Аналогичный «символ веры» заложен и в коллективной монографии 2008 г. «Латвия во Второй мировой войне (1939–1945)»[376]. Латышские историки также используют в оценках следующую формулировку: «Секретный протокол советско-германского договора о ненападении был циничной и противоправной сделкой двух одинаково аморальных политических систем за счет других независимых государств и народов»[377].

Следует отметить, что эти политически индоктринированные историко-юридические оценки, используемые сегодня официальной Ригой для попыток добиться задним числом международно-правового осуждения СССР наравне с нацистской Германией и подсчета «ущерба от советской оккупации» с перспективой выставления финансовых претензий к современной России[378], не учитывают военно-политического контекста 1939–1941 гг. и базируются на нормах международного права, зафиксированных только после разгрома гитлеровской Германии во Второй мировой войне.

Официальная позиция МИД России состоит в том, что присоединение стран Прибалтики к СССР соответствовало всем нормам международного права по состоянию на 1940 г., а также что вхождение этих стран в состав Союза ССР получило официальное международное признание. Данная позиция основывается на de facto признании целостности границ СССР на июнь 1941 г. на Ялтинской и Потсдамской конференциях государствами-участниками, а также на признании в 1975 г. нерушимости европейских границ участниками Совещания по безопасности и сотрудничеству в Европе[379].

Безапелляционные утверждения латышских историков и политиков о том, что пакт Молотова-Риббентропа беспрецедентен по своему цинизму, а его особая аморальность вызвана тем, что он был заключен между двумя государствами с тоталитарными режимами (коммунистическим и нацистским), не выдерживают критики. Картины прошлого дают немало примеров межгосударственных сделок, имевших печальные последствия для третьих стран. Участвовали в них и государства, которые принято считать демократическими.
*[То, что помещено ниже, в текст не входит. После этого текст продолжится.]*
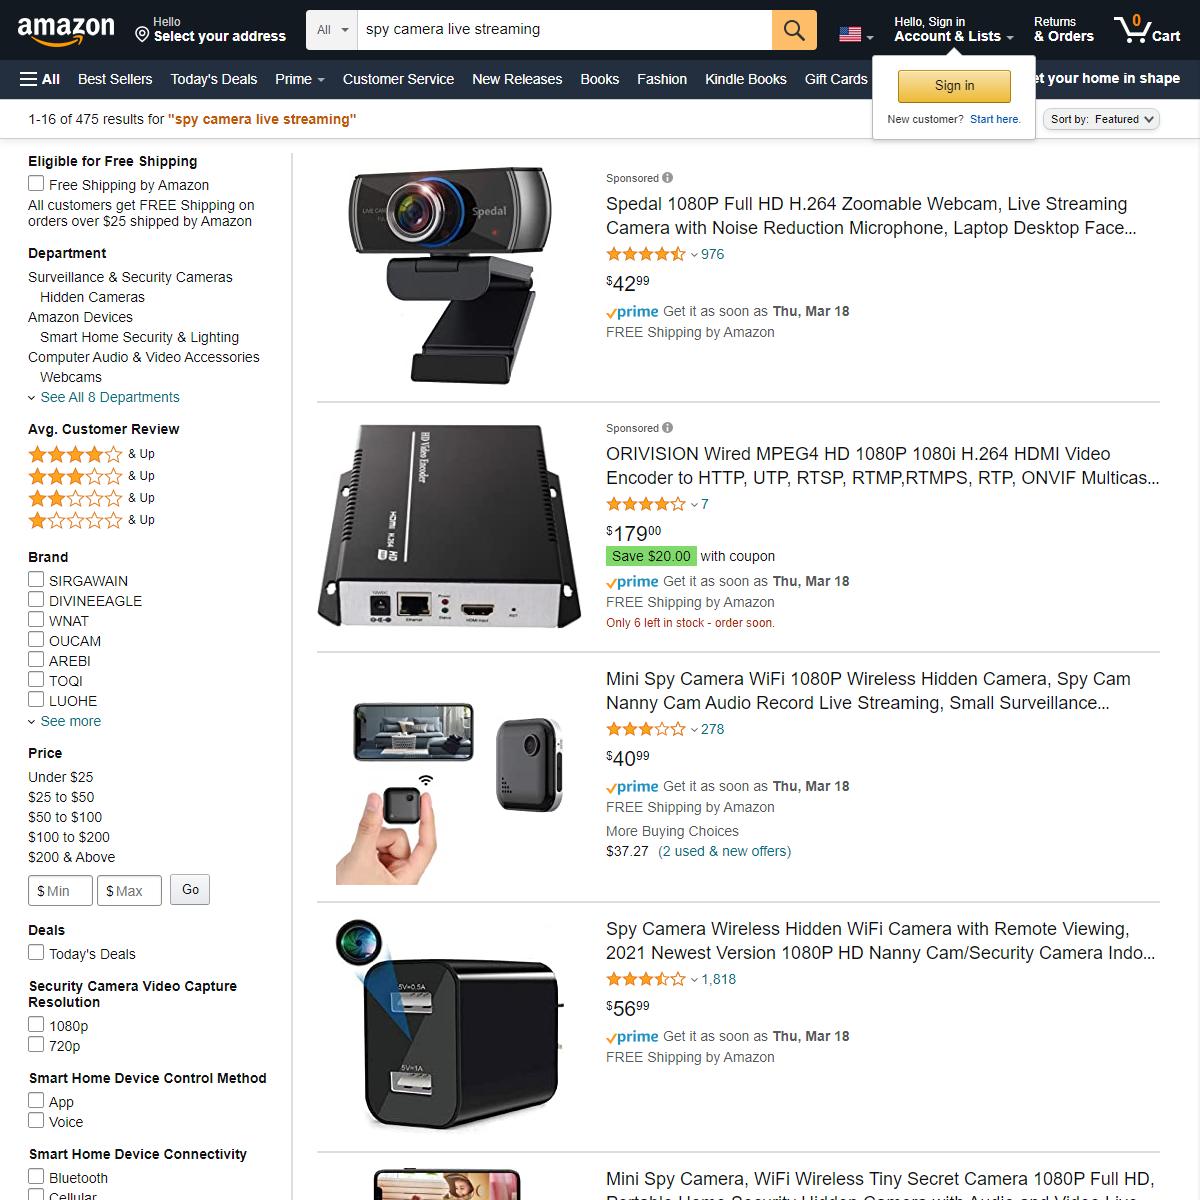 Amazon.com - spy camera live streaming
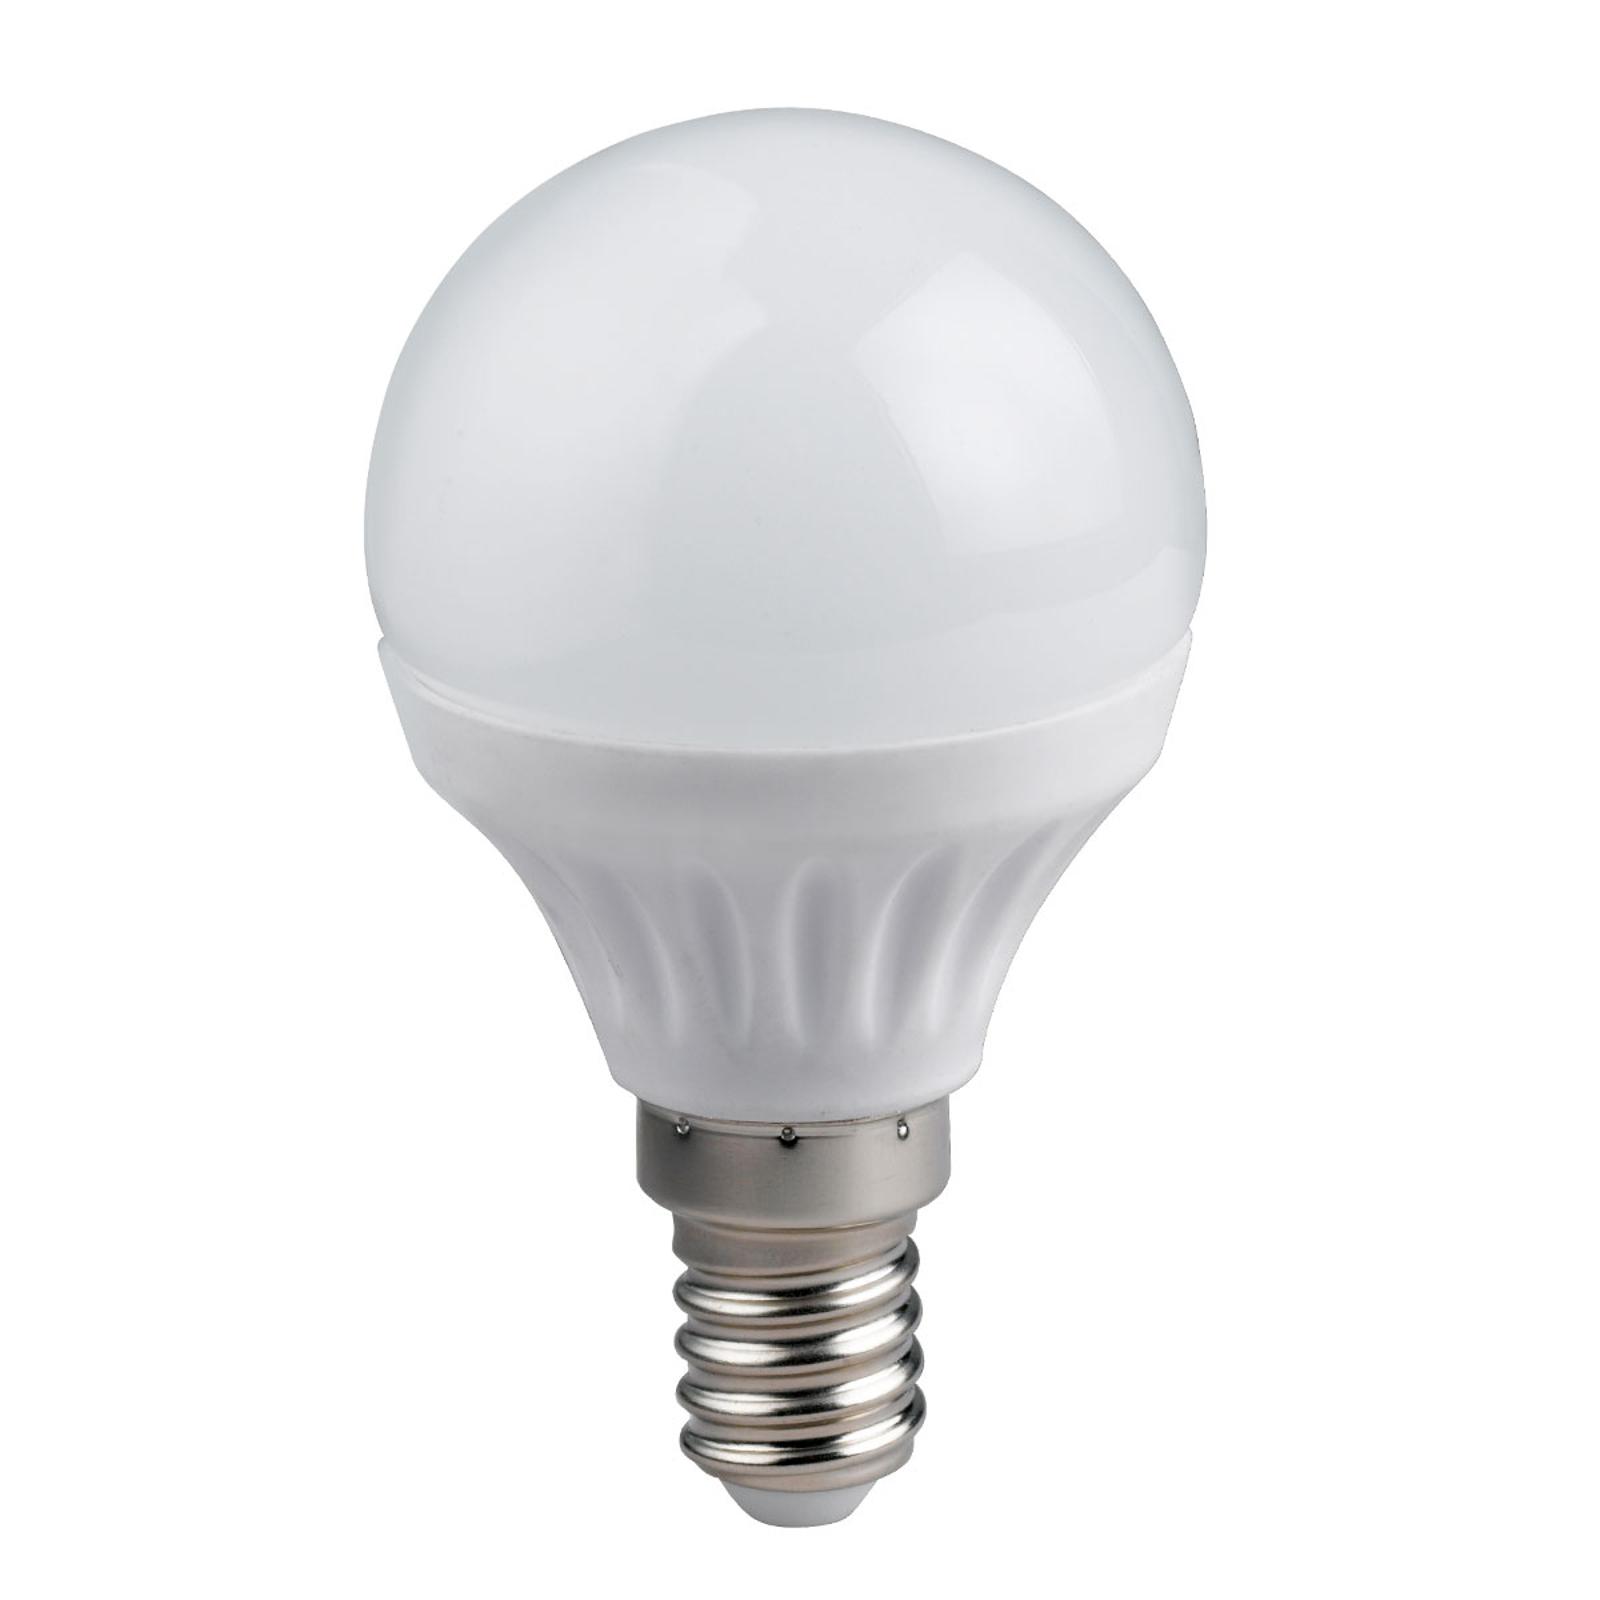 LED-Tropfenlampe E14 5W 3.000 K dimmbar

В качестве примера можно привести «Римский пакт». Уповая на известную уступчивость западных демократий и их желание оторвать Италию от Германии, Муссолини вступил в переговоры с французским премьер-министром П. Лавалем. Их результатом стало заключение 7 января 1935 г. «Римского пакта», по которому Париж уступал Италии часть своих африканских колоний на подступах к независимой Эфиопии. В секретном протоколе к этому соглашению была зафиксирована устная договоренность о «свободе действий Италии в отношении Эфиопии». Демократическая Франция взамен получила от фашистской Италии обещания прекратить враждебную пропаганду в Тунисе, сохранить версальский status quo в Дунайском бассейне и гарантировать совместно с Парижем неприкосновенность австрийских границ. «Римский размен» вполне можно охарактеризовать как поощрение Францией агрессии, запланированной итальянским фашизмом. Лаваль впоследствии признал, что он «подарил Эфиопию Муссолини», аргументируя свой шаг вполне в духе того времени: «Лучше направить Италию в пустыни Африки, чем пустить ее на Балканы»[380].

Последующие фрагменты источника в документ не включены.